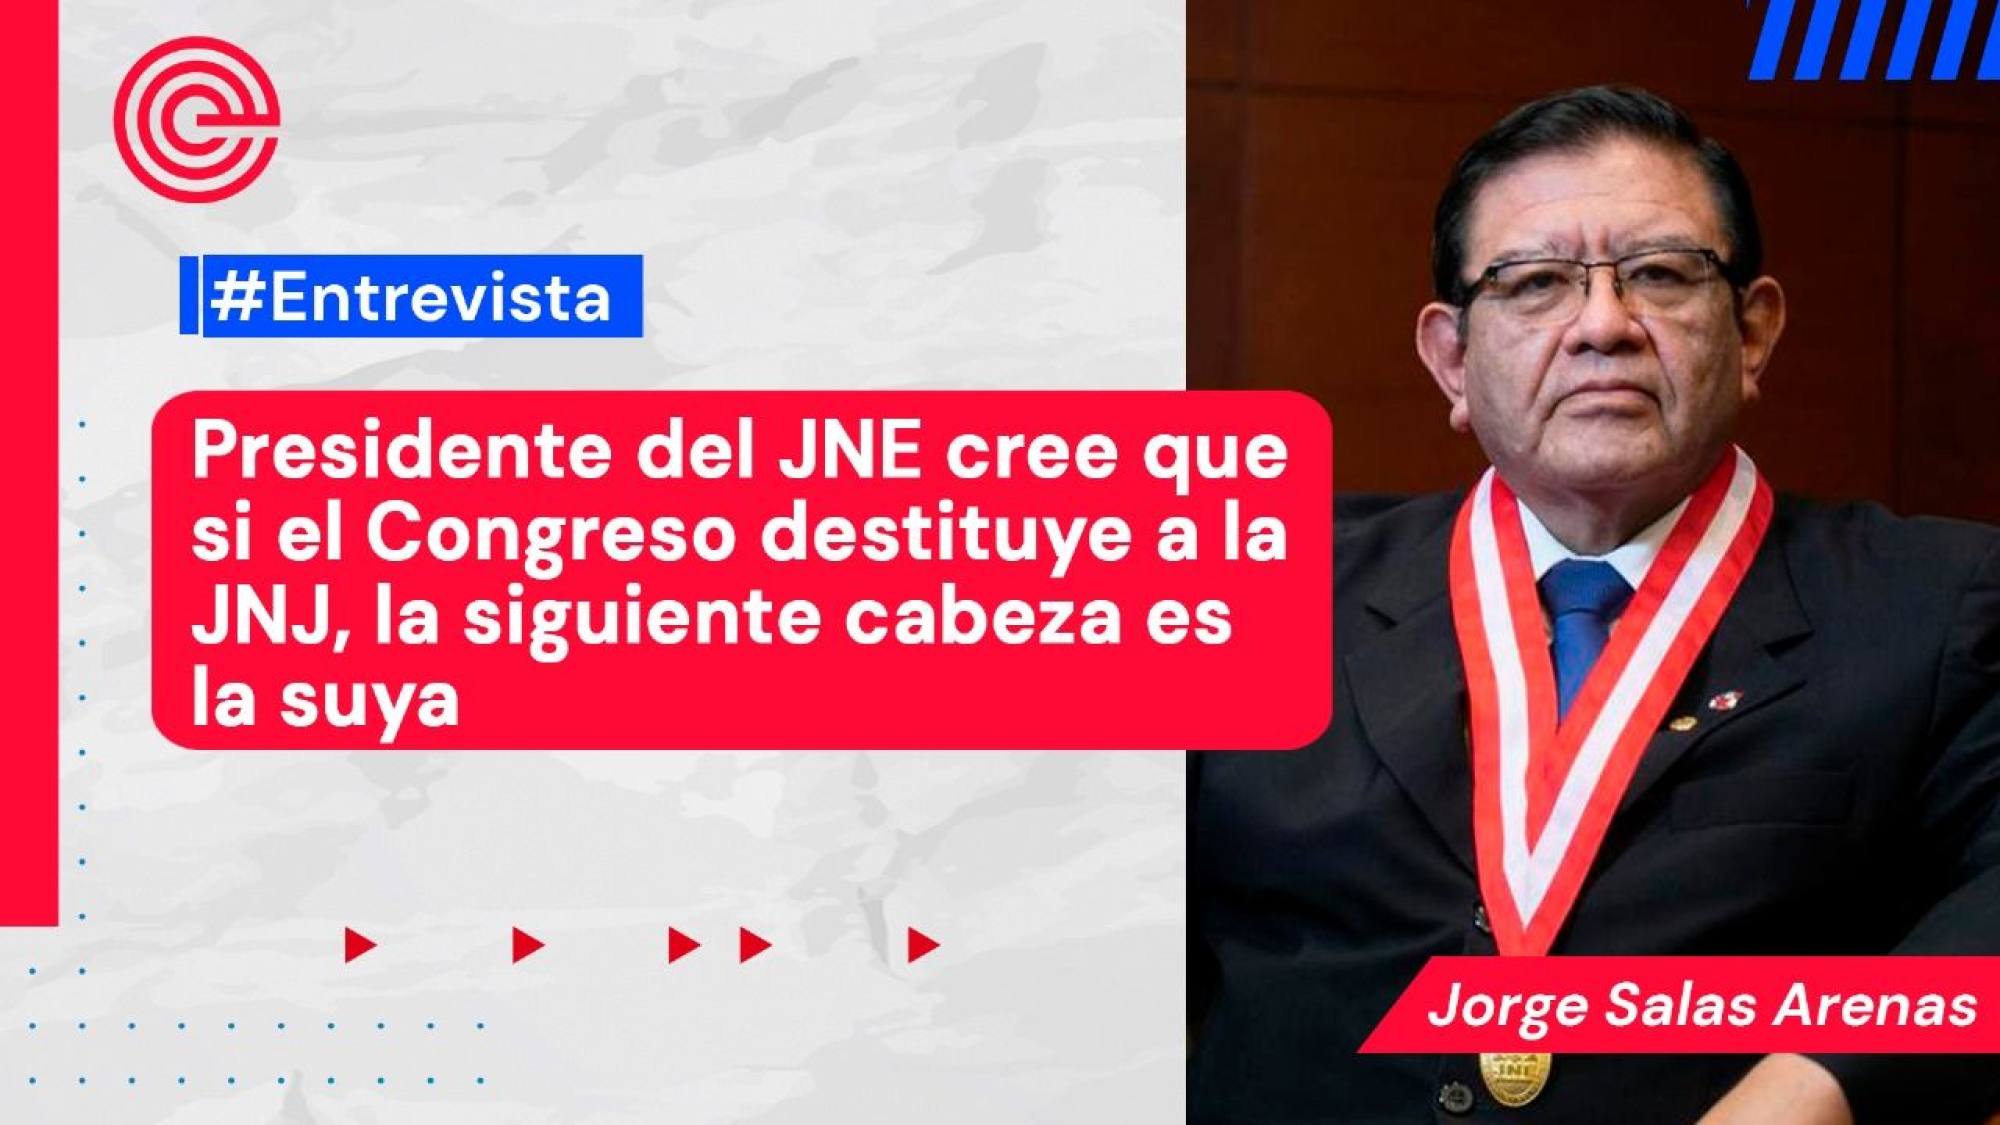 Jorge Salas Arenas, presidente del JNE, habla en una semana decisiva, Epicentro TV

==

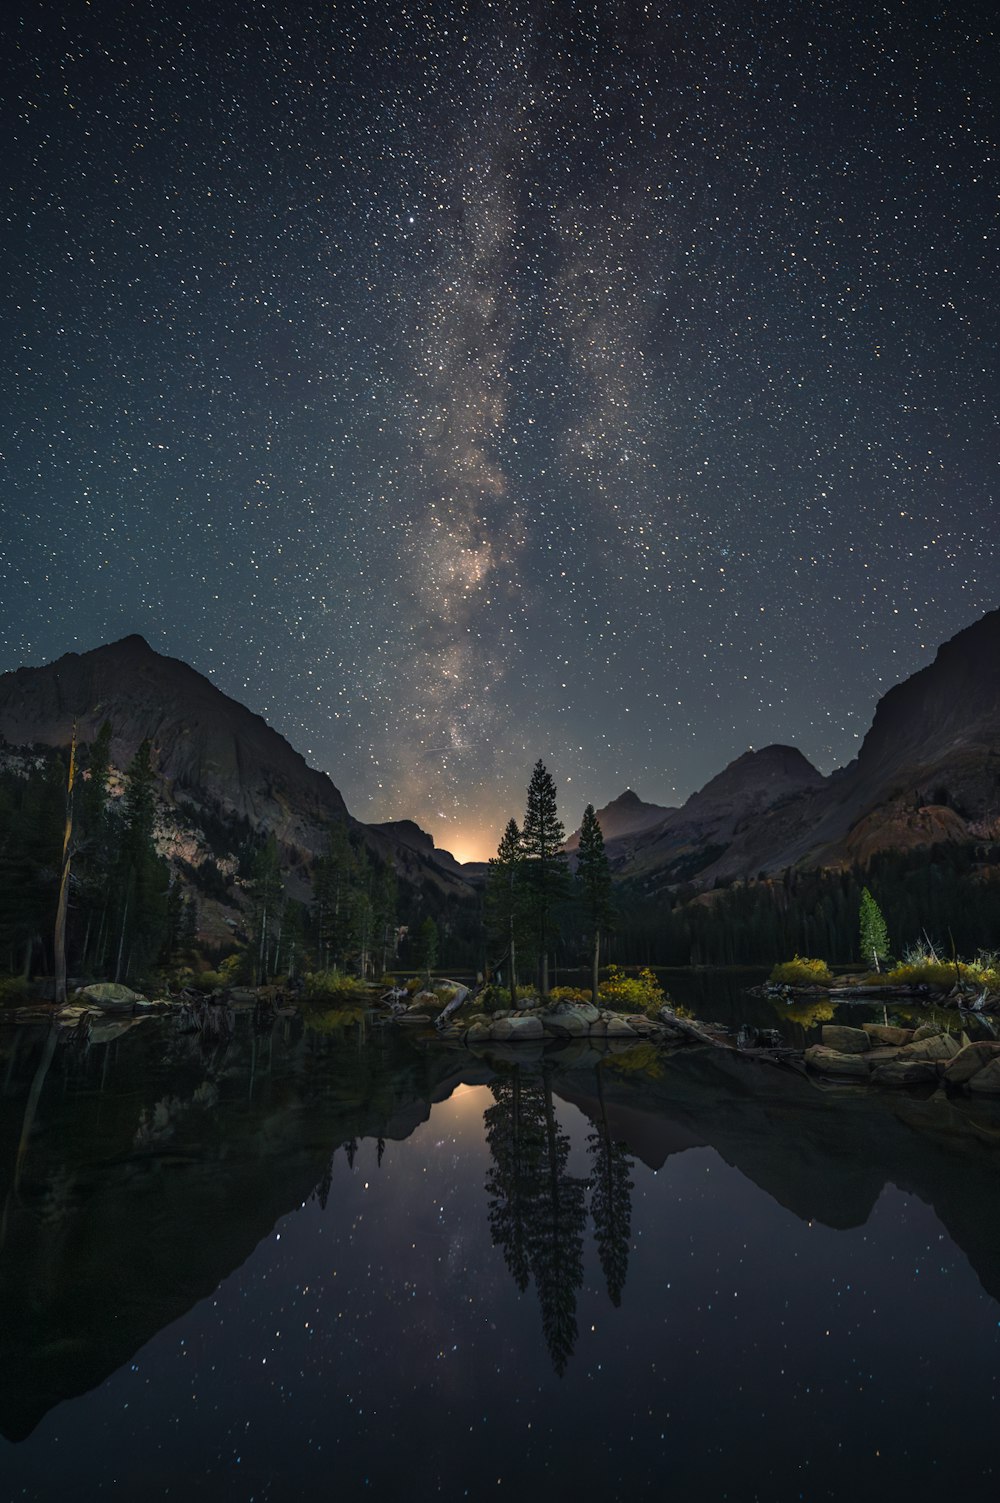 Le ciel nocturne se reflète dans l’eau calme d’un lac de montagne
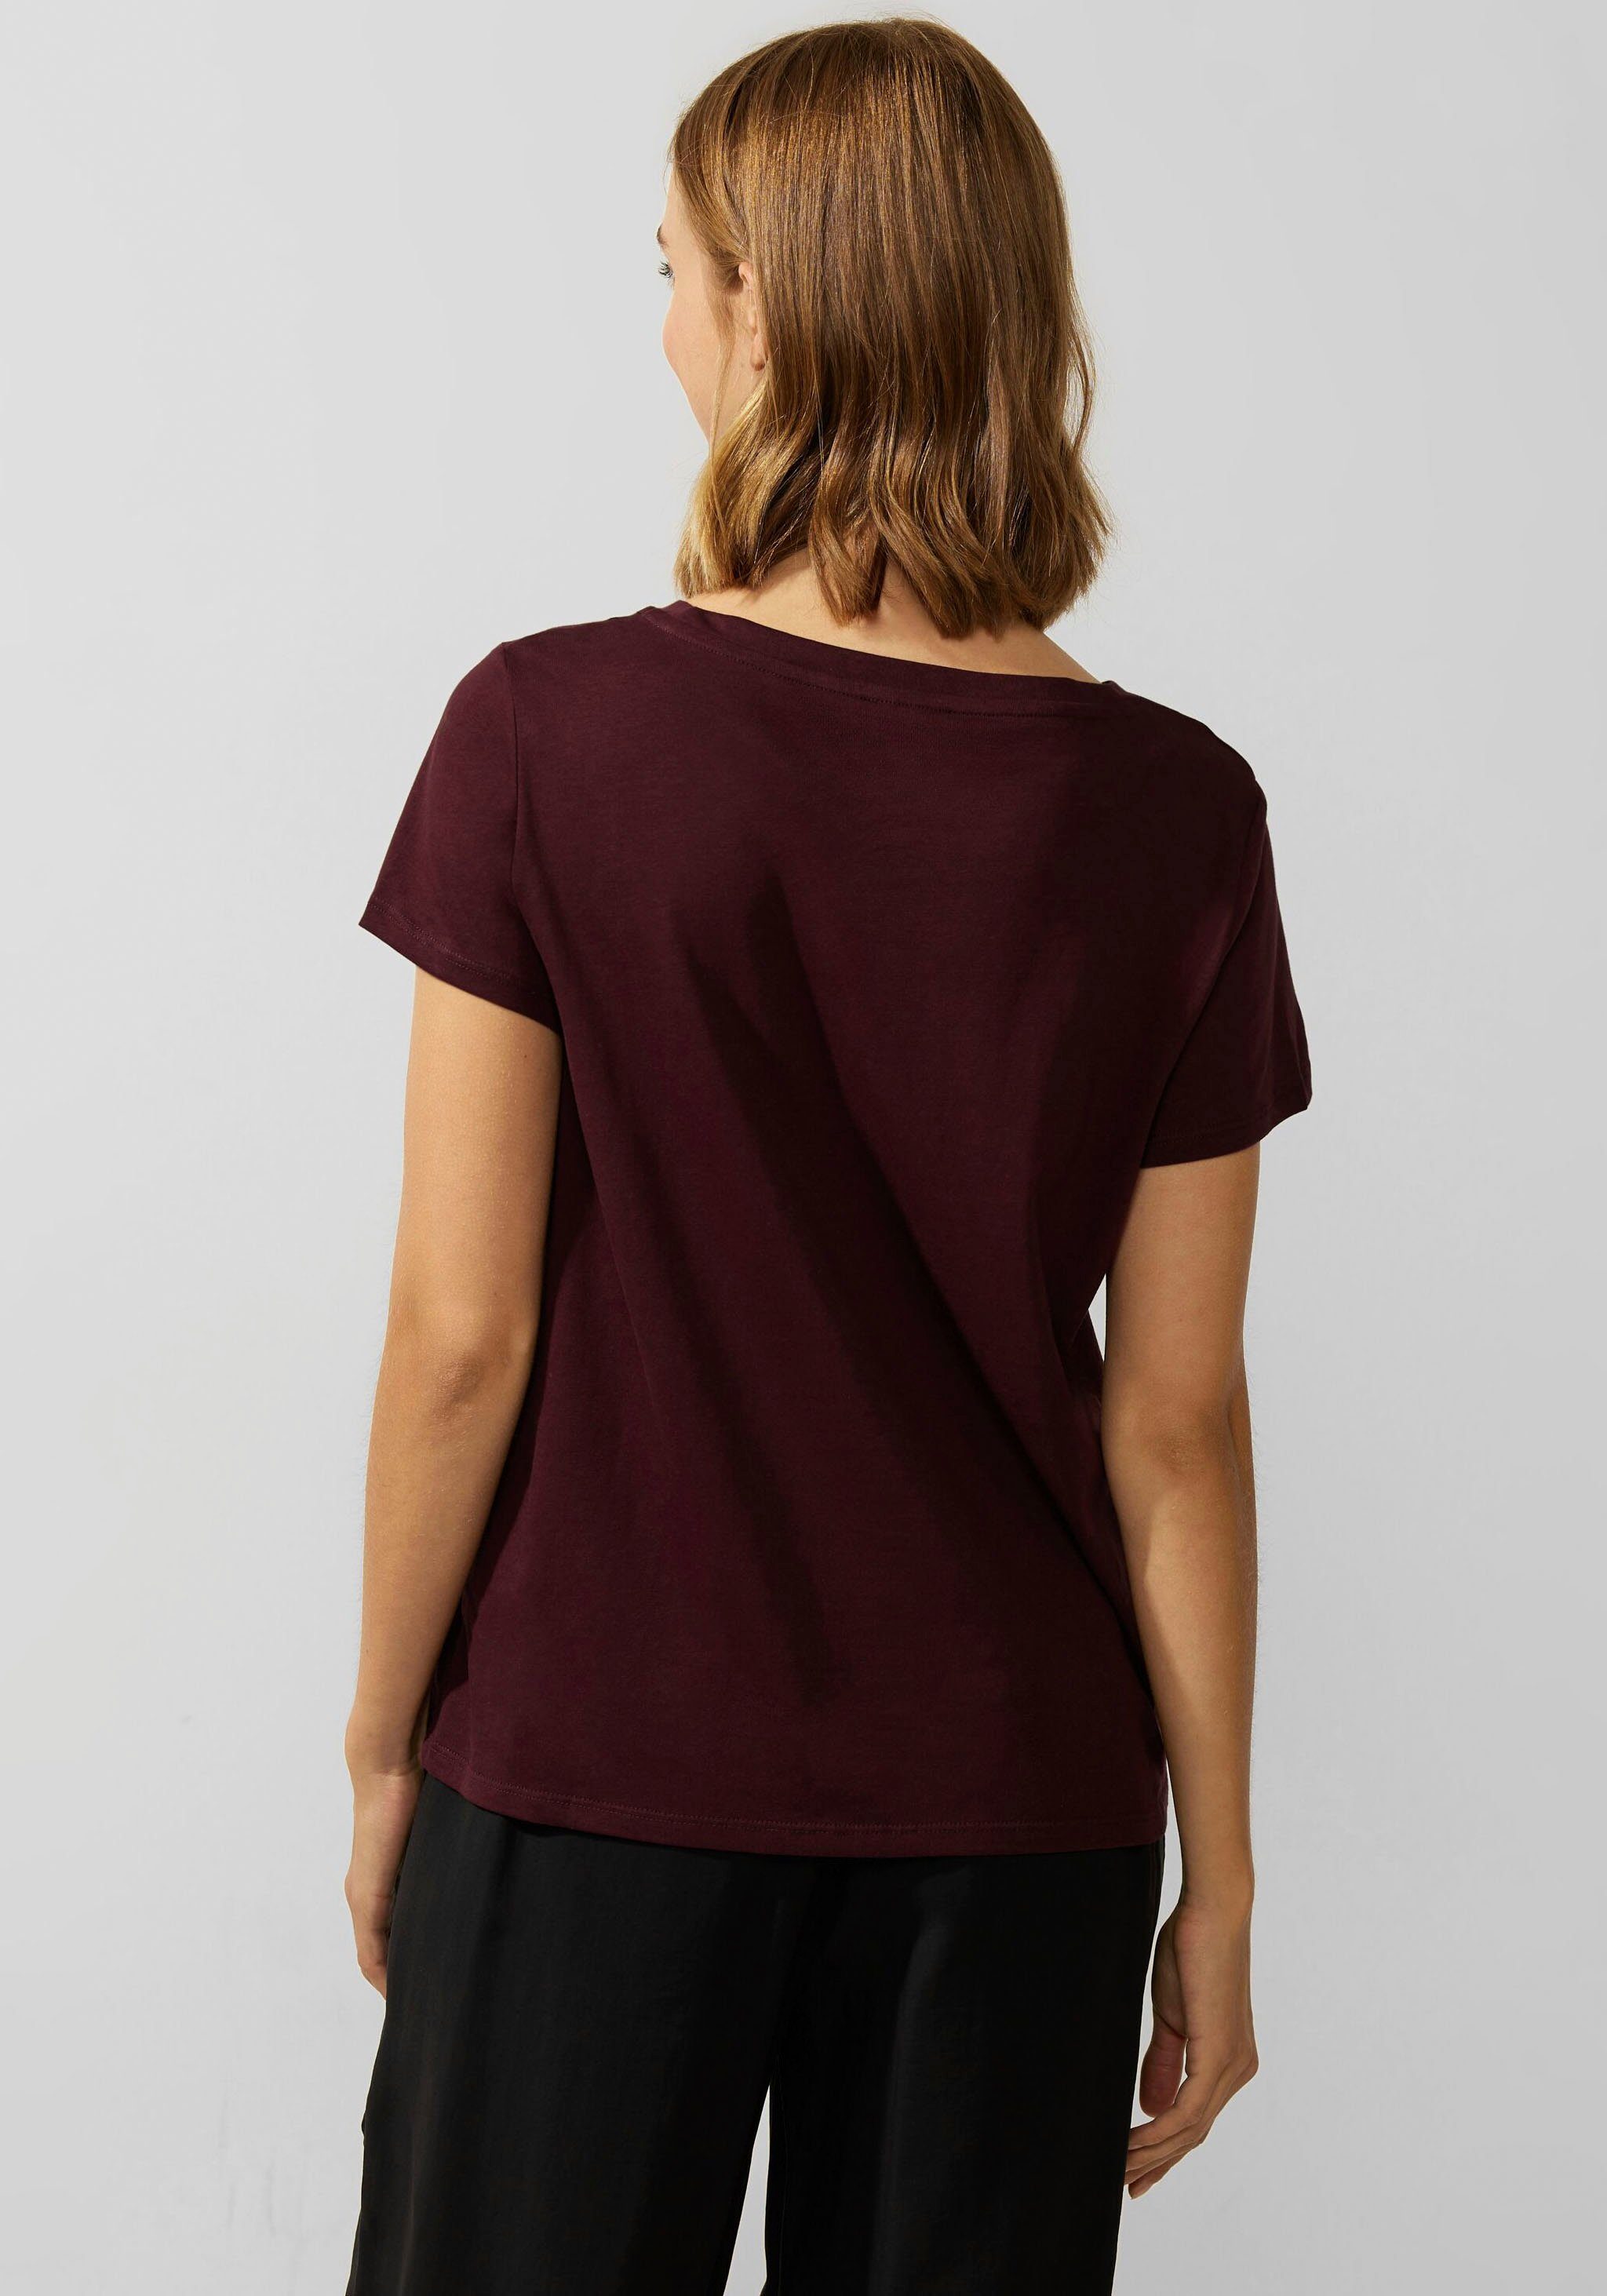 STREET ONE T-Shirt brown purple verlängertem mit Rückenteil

## Your task
Would you set down only the lines above from the line with "Le ciel nocturne" to the line with "STREET ONE T-Shirt", both included, exactly as they stand and without the pictures?

## Answer
 Le ciel nocturne se reflète dans l’eau calme d’un lac de montagne
 STREET ONE T-Shirt brown purple verlängertem mit Rückenteil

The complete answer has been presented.